Affecting the deployment service

Mar 18, 2009 10:31 GMT  ·  By

The past weekend Microsoft's Cloud operating system suffered an extensive outage lasting approximately 22 hours. Microsoft fessed up to the malfunction, which lasted from Friday until Saturday, and which had the potential of affecting all Windows Azure Community Technology Preview (CTP) participants. In fact, some CTP testers experienced degraded service and even downtime. The Redmond company acknowledged the Windows Azure blackout and explained its source.

“During a routine operating system upgrade on Friday (March 13th), the deployment service within Windows Azure began to slow down due to networking issues. This caused a large number of servers to time out and fail,” revealed a member of the Windows Azure team.

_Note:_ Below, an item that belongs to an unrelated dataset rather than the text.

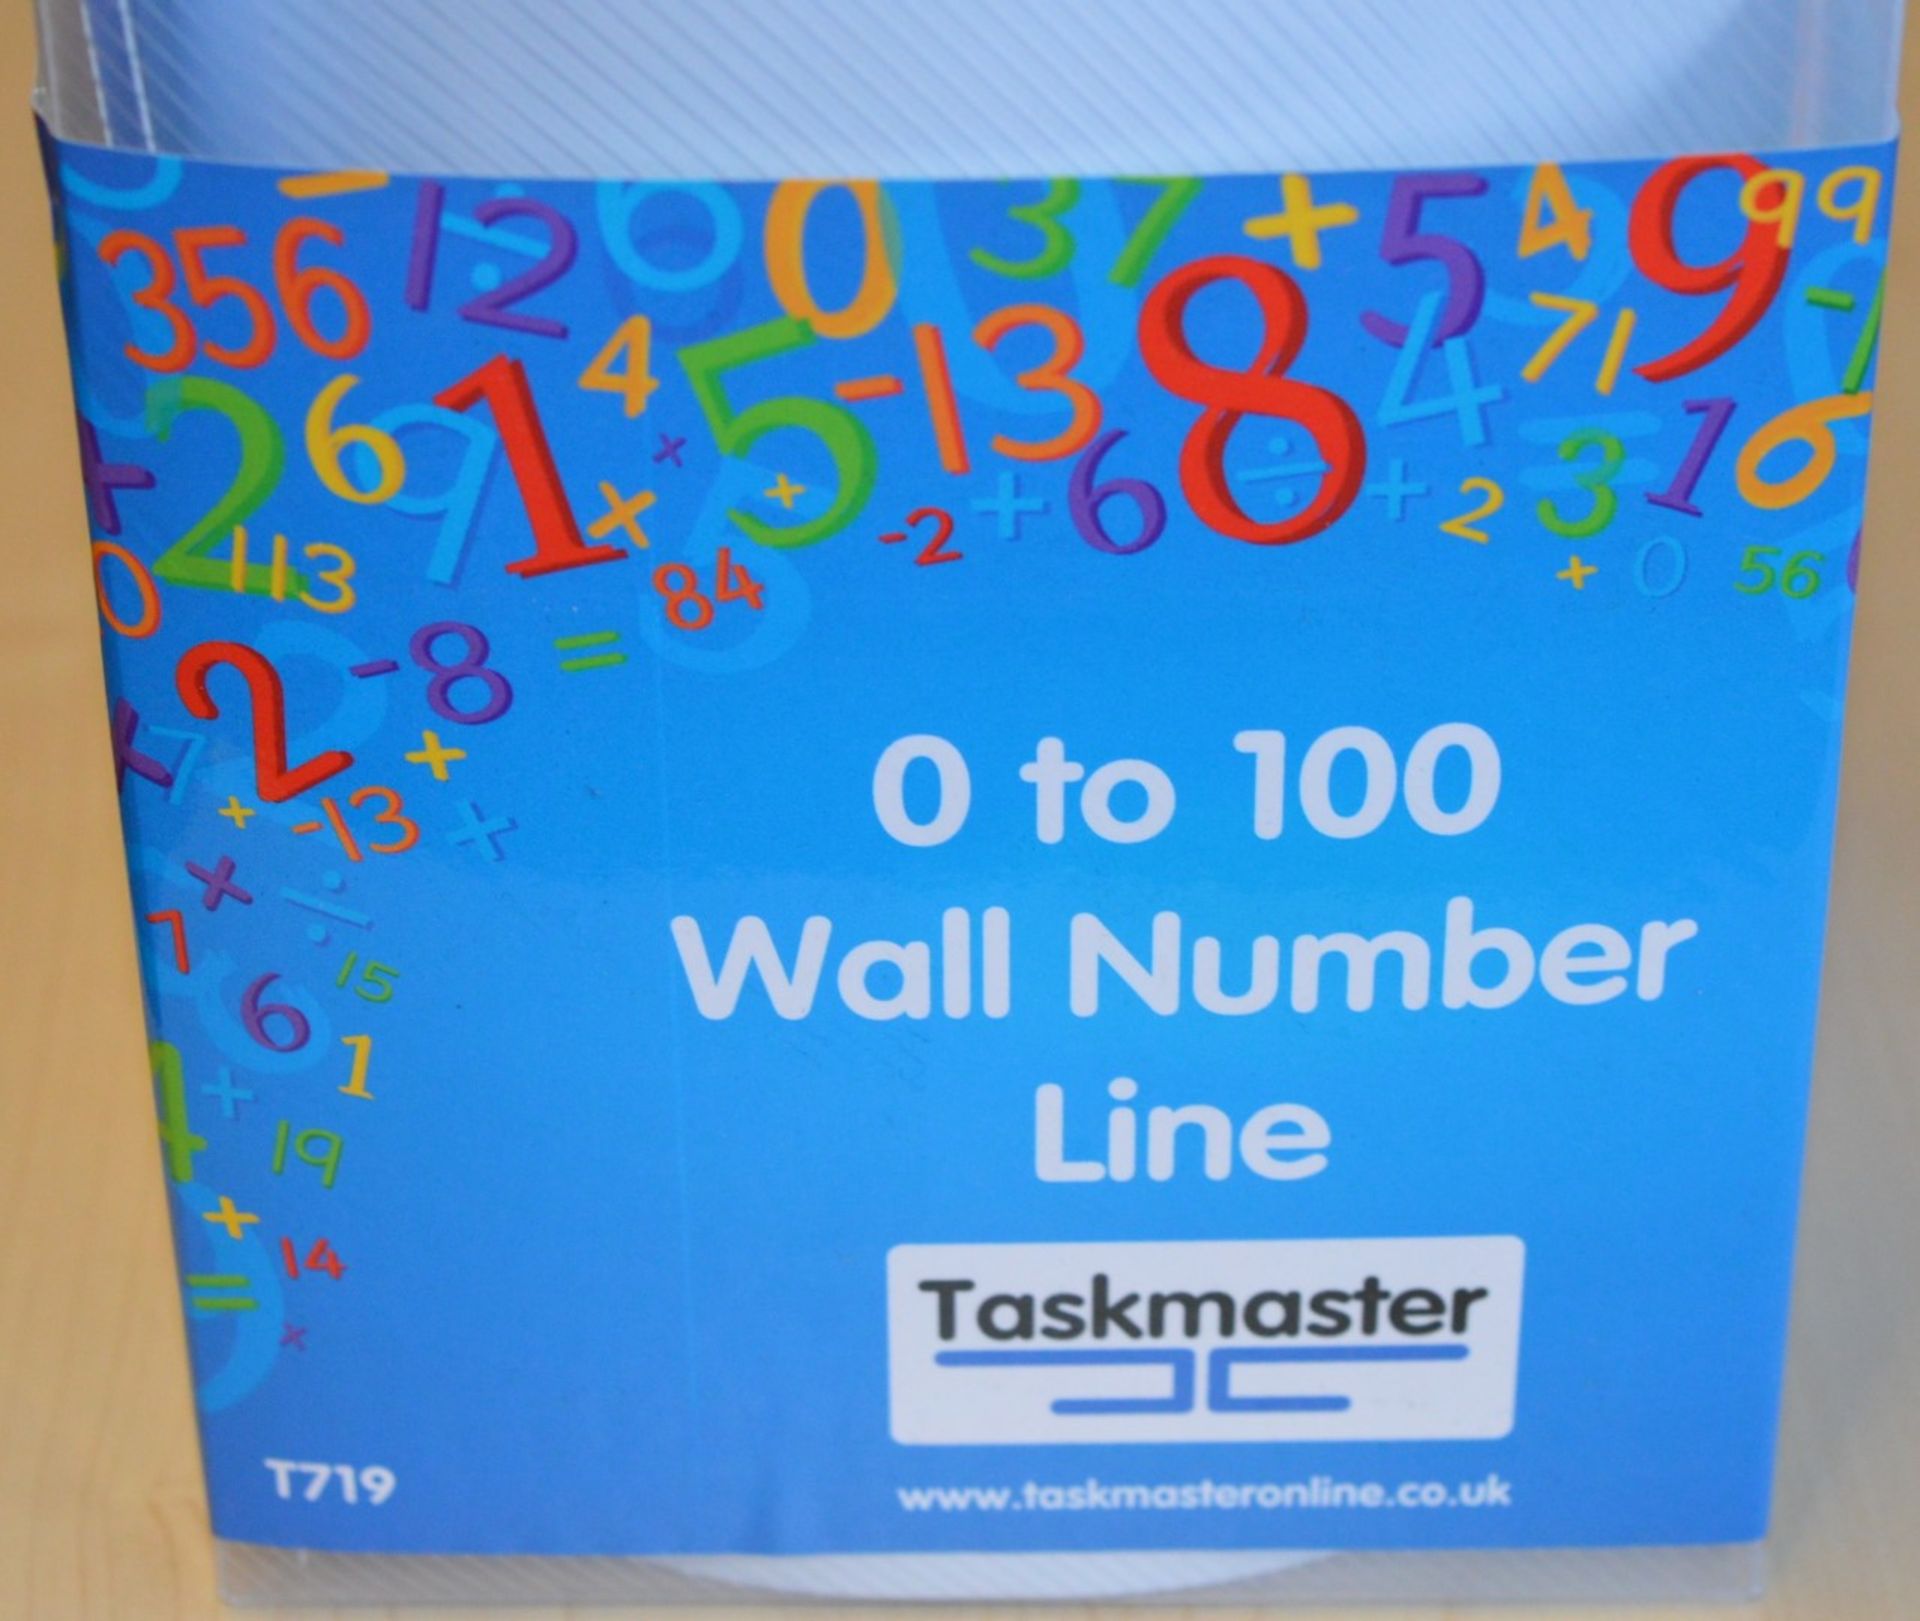 9 x Taskmaster 0 to 100 Wall Number Line Maths Classroom School Education Charts - Brand New Box - Image 4 of 5
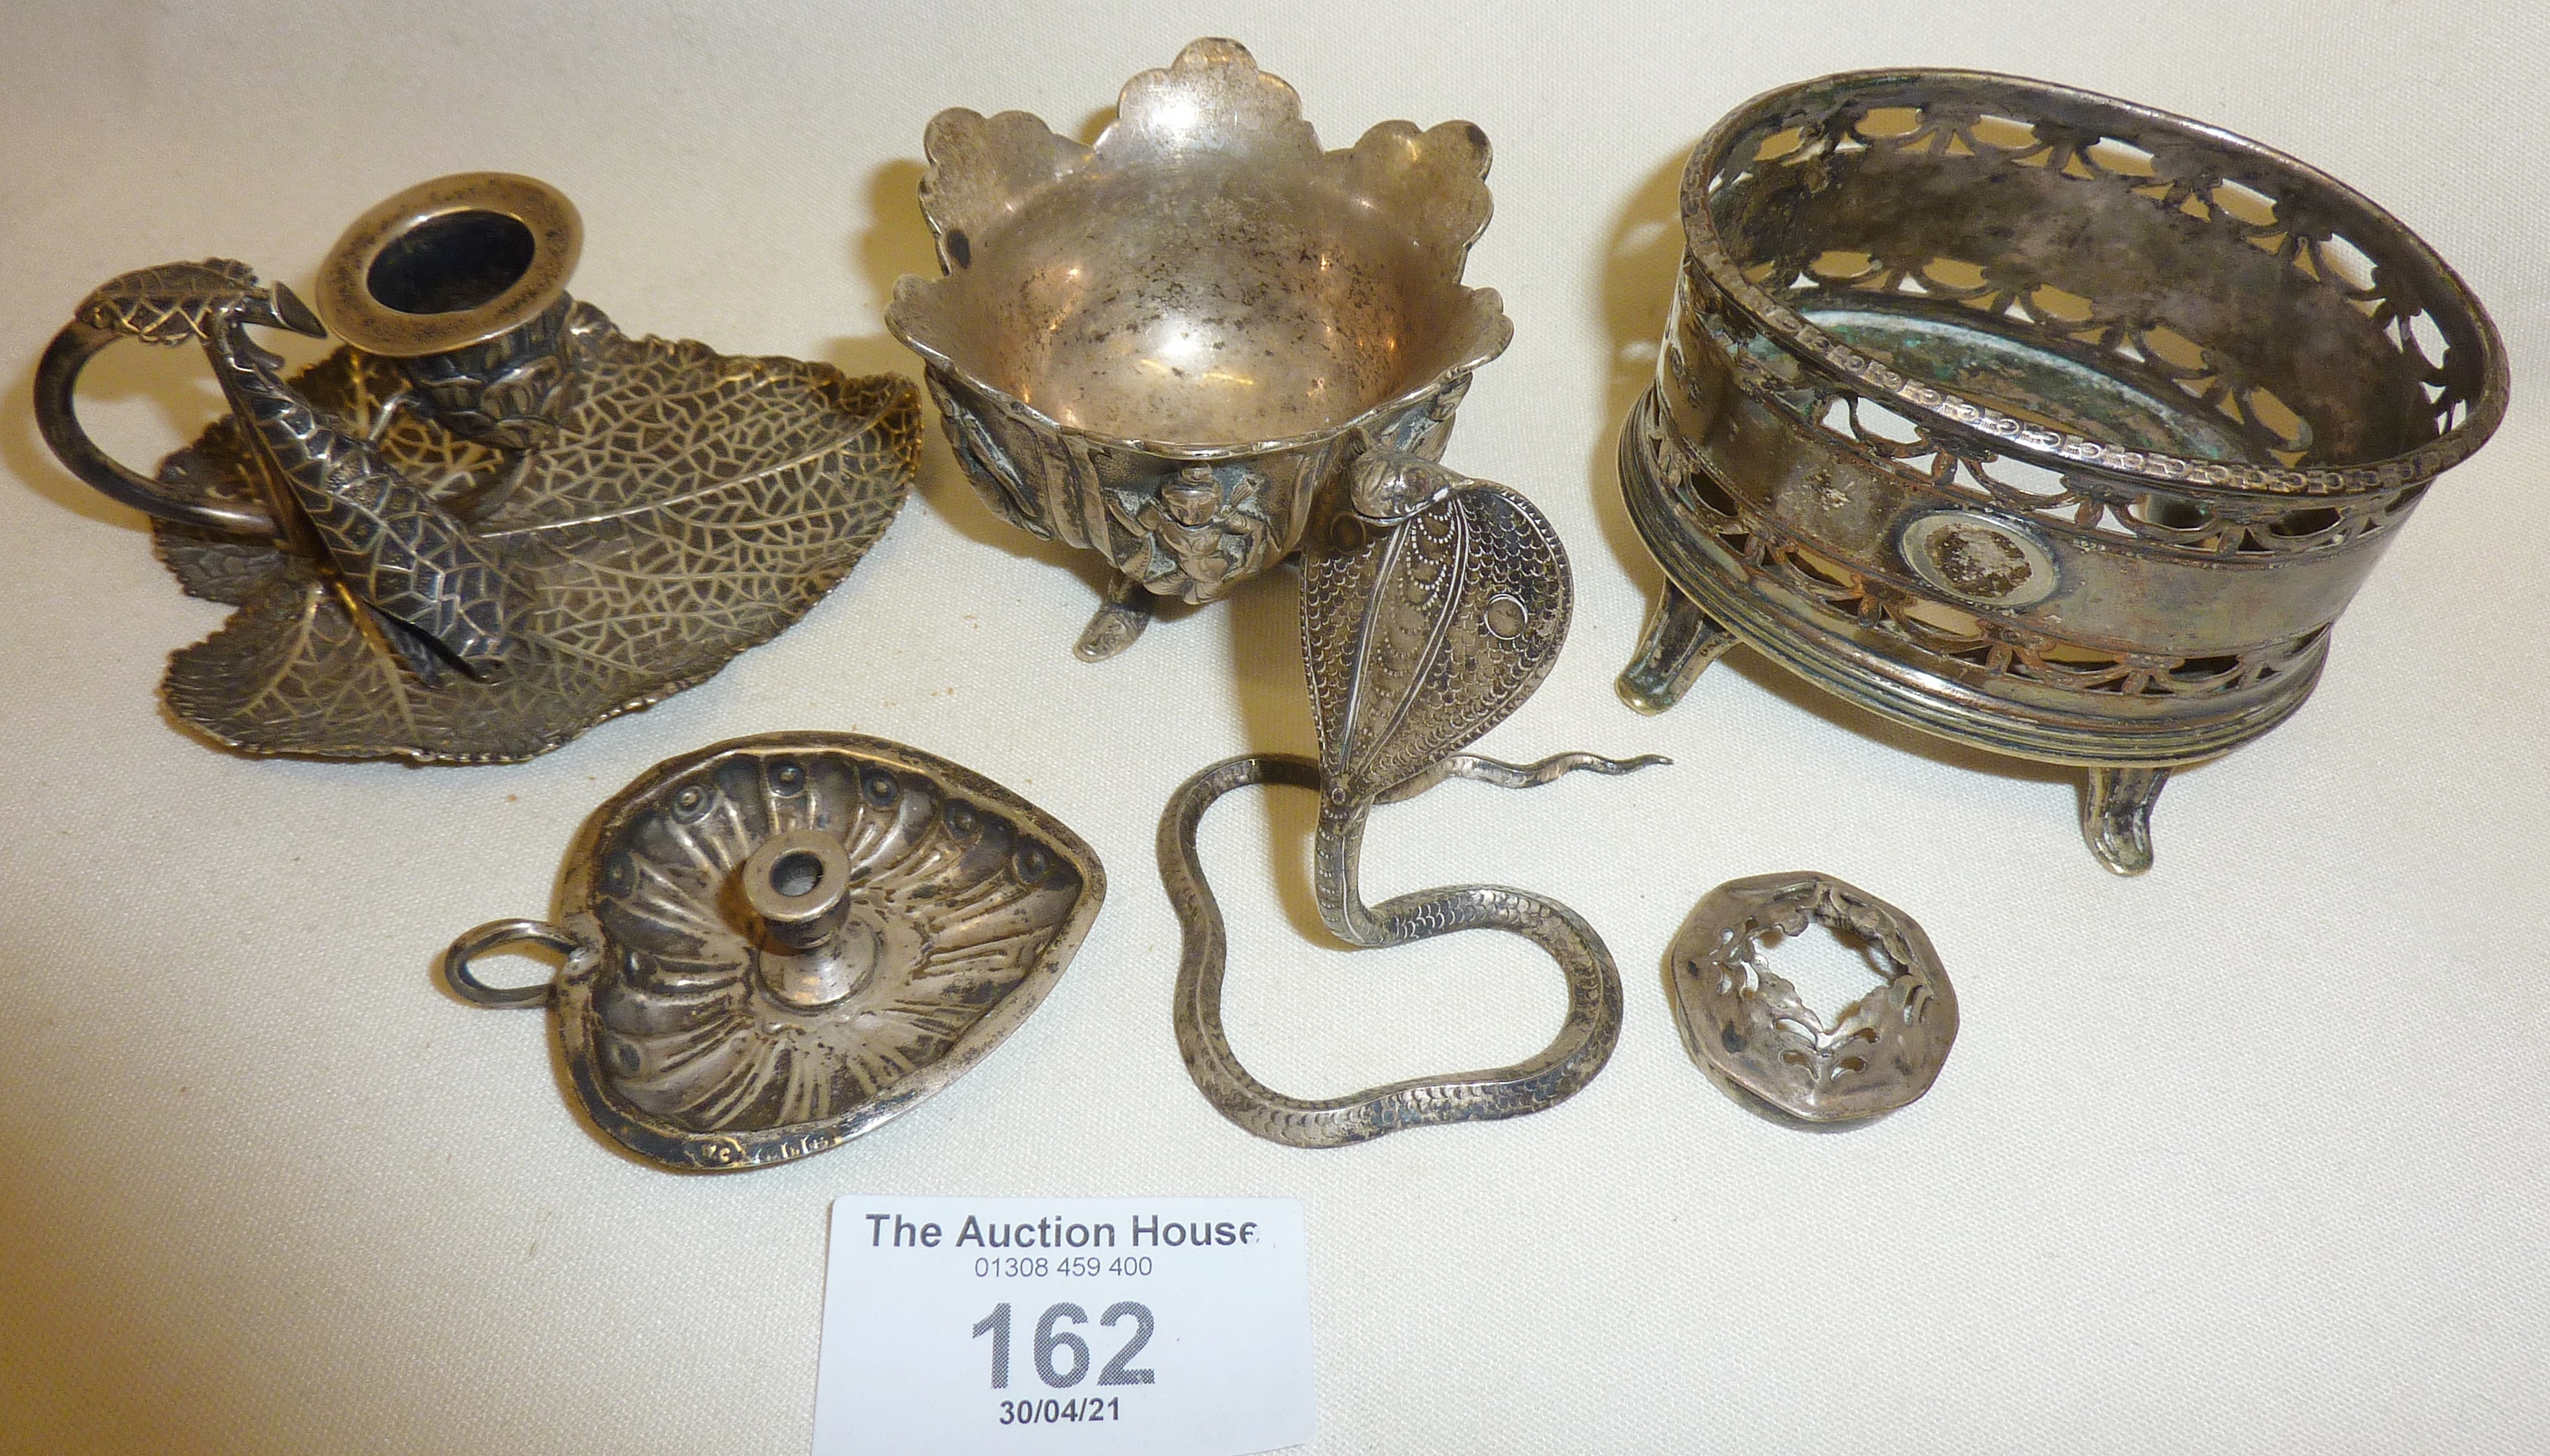 Continental silver and silver plate items, inc. Indian silver snake and a doll's house miniature

The Windows Azure team was alerted of the server failure by the monitoring system set in place, but at that time, an automatic recovery system began work designed to bring crashed apps back online. “The Fabric Controller automatically initiated steps to recover affected applications by moving them to different servers. The Fabric Controller is designed to be very cautious about taking broad recovery steps, so it began recovery a few applications at a time. Because this serial process was taking much too long, we decided to pursue a parallel update process, which successfully restored all applications,” the Windows Azure team representative added.

Microsoft explained that all the applications that were associated with and running a singular instance were affected by the outage in concordance with server failures. The blackout also affected apps running multiple instances. However, in this case the problems were less severe, mainly degradation, but not downtime.

“In addition, the ability to perform management tasks from the web portal appeared unavailable for many applications due to the Fabric Controller being backed up with work during the serialized recovery process,” the Windows Azure team member added.

Microsoft promised that it was tackling the problems head on, first off by resolving the network issues that caused the blackout in the first place. At the same time, the Windows Azure recovery algorithm will evolve in order to be able to handle eventual future problems on its own.

“For continued availability during upgrades, we recommend that application owners deploy their application with multiple instances of each role. We'll make two the default in our project templates and samples. We will not count the second instance against quota limits, so CTP participants can feel comfortable running two instances of each application role,” the Azure team member said.